Zawartość powtórzeń w genomie świętego lotosu

Sekwencje powtórzone stanowią 57% zmontowanego genomu, w tym 47,7% rozpoznawalnych elementów transpozycyjnych (Tabela S4 w pliku dodatkowym 1). W przeciwieństwie do większości roślin, które wykazują stosunkowo mało znaczące retrotranspozony o nie długich terminalnych powtórzeniach (około 1% genomu), takie retrotranspozony o nie długich terminalnych powtórzeniach wnoszą 6,4% do genomu lotosu. W odróżnieniu od innych roślin, które zwykle mają więcej elementów Gypsy-podobnych, elementy Copia i Gypsy-podobne są porównywalne pod względem liczby kopii i frakcji genomowej u lotosu.

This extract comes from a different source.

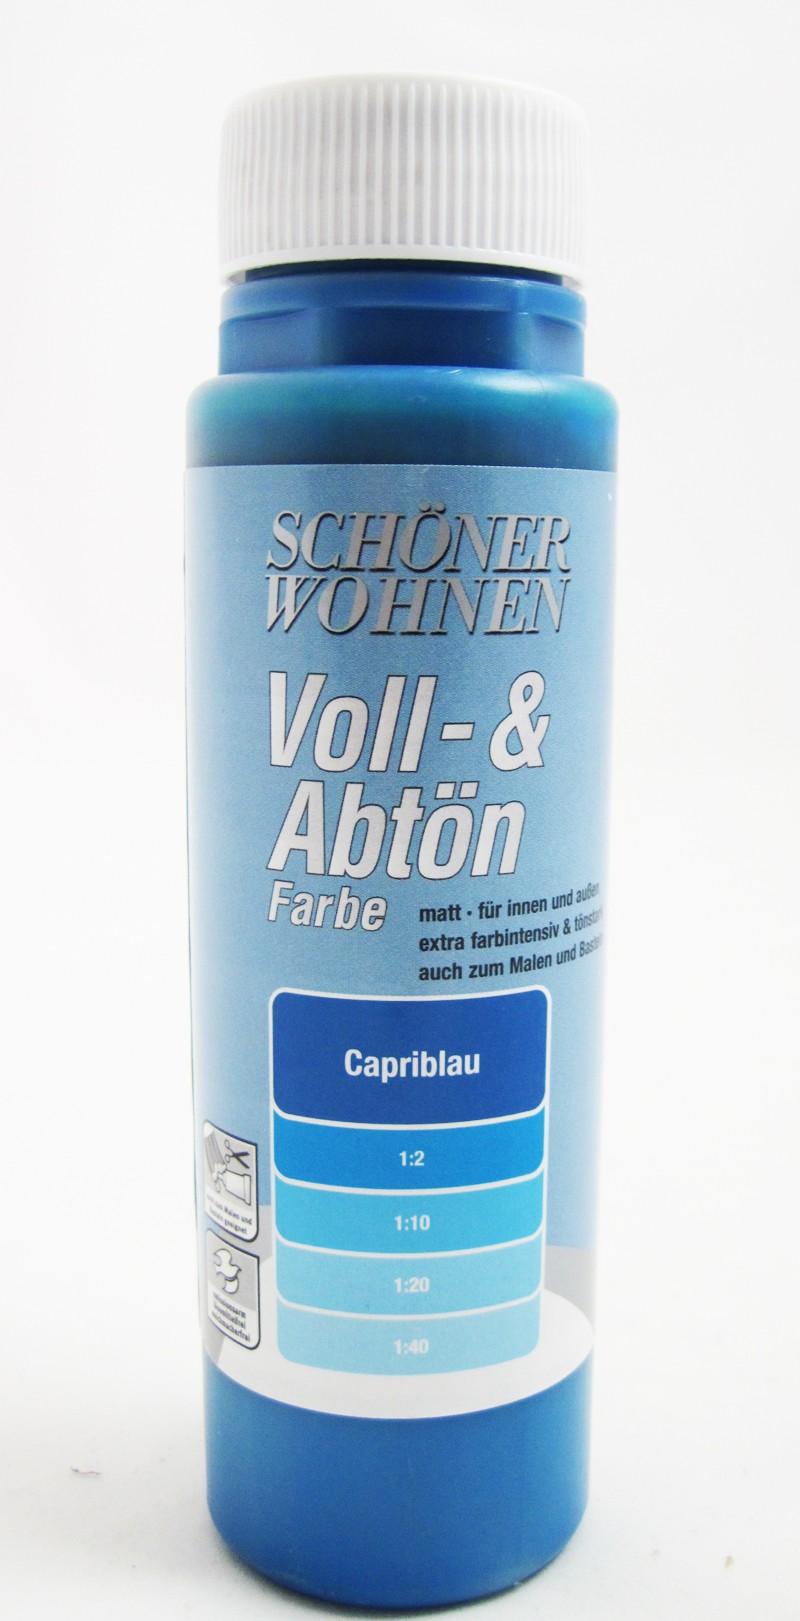 Voll- und Abtönfarbe Capriblau 250 ml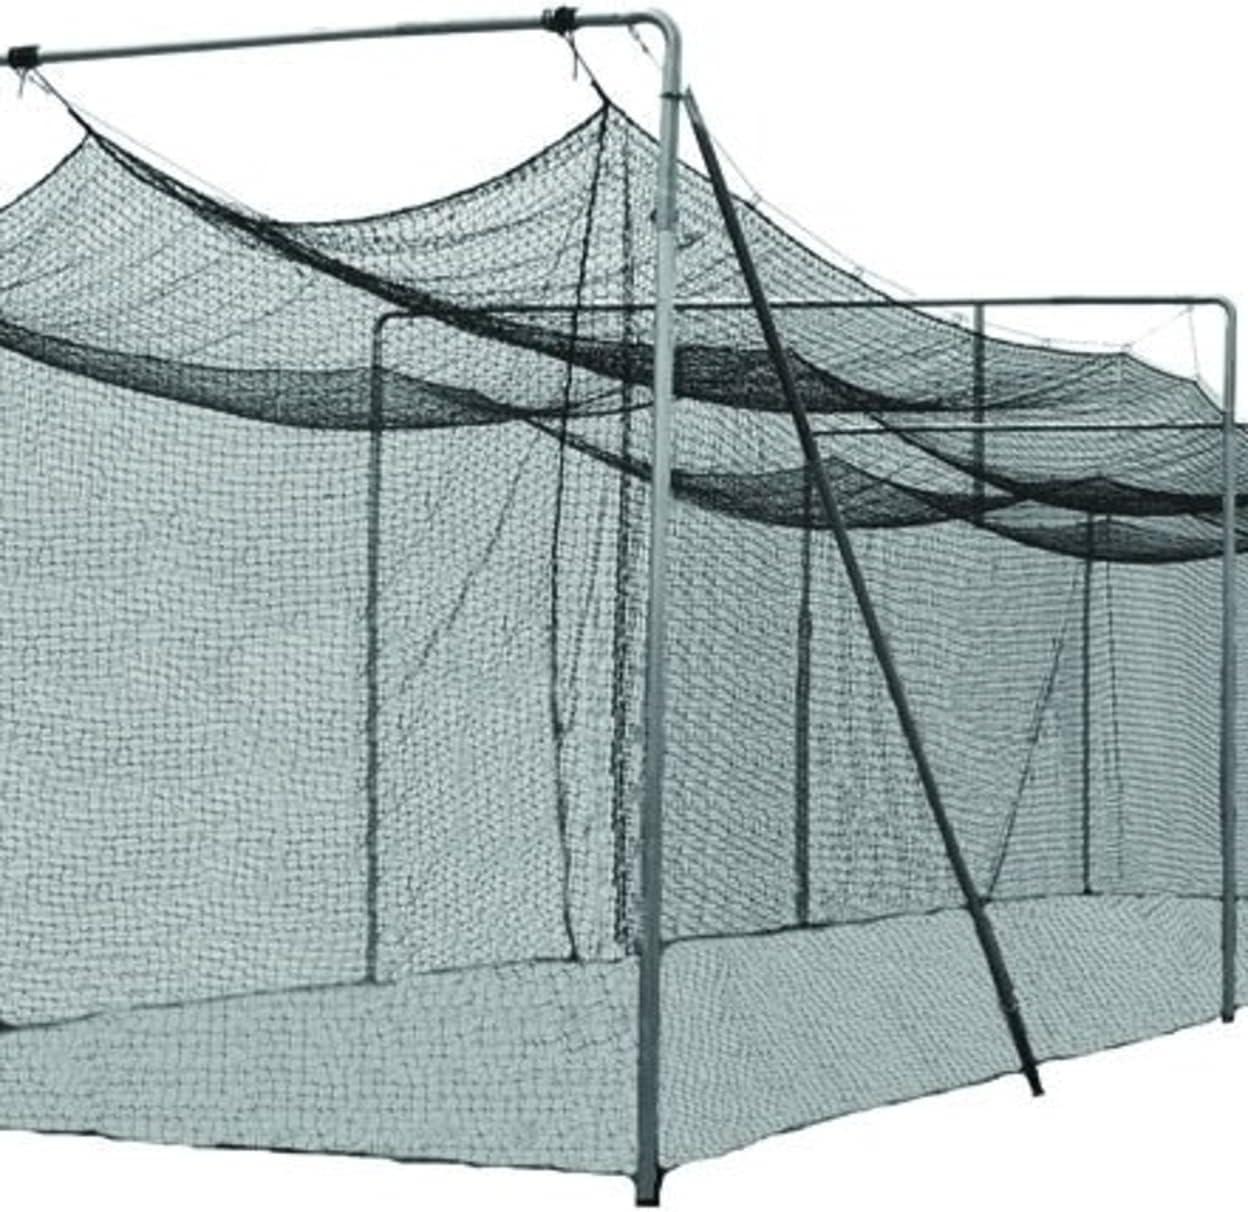 New Cimarron 30X12X10  #24 Twisted Poly Batting Cage Net

Większość głównych rodzin transpozonów DNA jest wykrywana w lotosie świętym (zajmując 16% genomu lotosu), aczkolwiek z ponad 10-krotnym zróżnicowaniem względnej liczebności. Wyjątek stanowi superrodzina Tc1/Mariner, która jest nieobecna zarówno w genomie lotosu, jak i winogron, co sugeruje częstą utratę tej rodziny elementów. Zaskakuj±co, elementy hAT (Ac/Ds-like) stanowi± prawie 7% genomu lotosu, reprezentowane przez ponad 100 000 kopii, więcej niż w jakimkolwiek innym sekwencjonowanym genomie ro¶linnym. Spośród nich najmniej liczne są elementy CACTA (0,4%), podczas gdy elementy MULE, PIF i Helitron uległy amplifikacji w umiarkowanym stopniu (odpowiednio 2,5%, 2,7% i 3,6%). Genom lotosu zawiera ponadto 1 447 elementów typu Pack-mutator-like, które niosą geny lub ich fragmenty. Analiza przy użyciu znaczników sekwencji wyrażonych (EST) wykazała, że co najmniej 10 elementów Pack-mutator-like ulega ekspresji, co sugeruje, że mogą one odgrywać role funkcjonalne.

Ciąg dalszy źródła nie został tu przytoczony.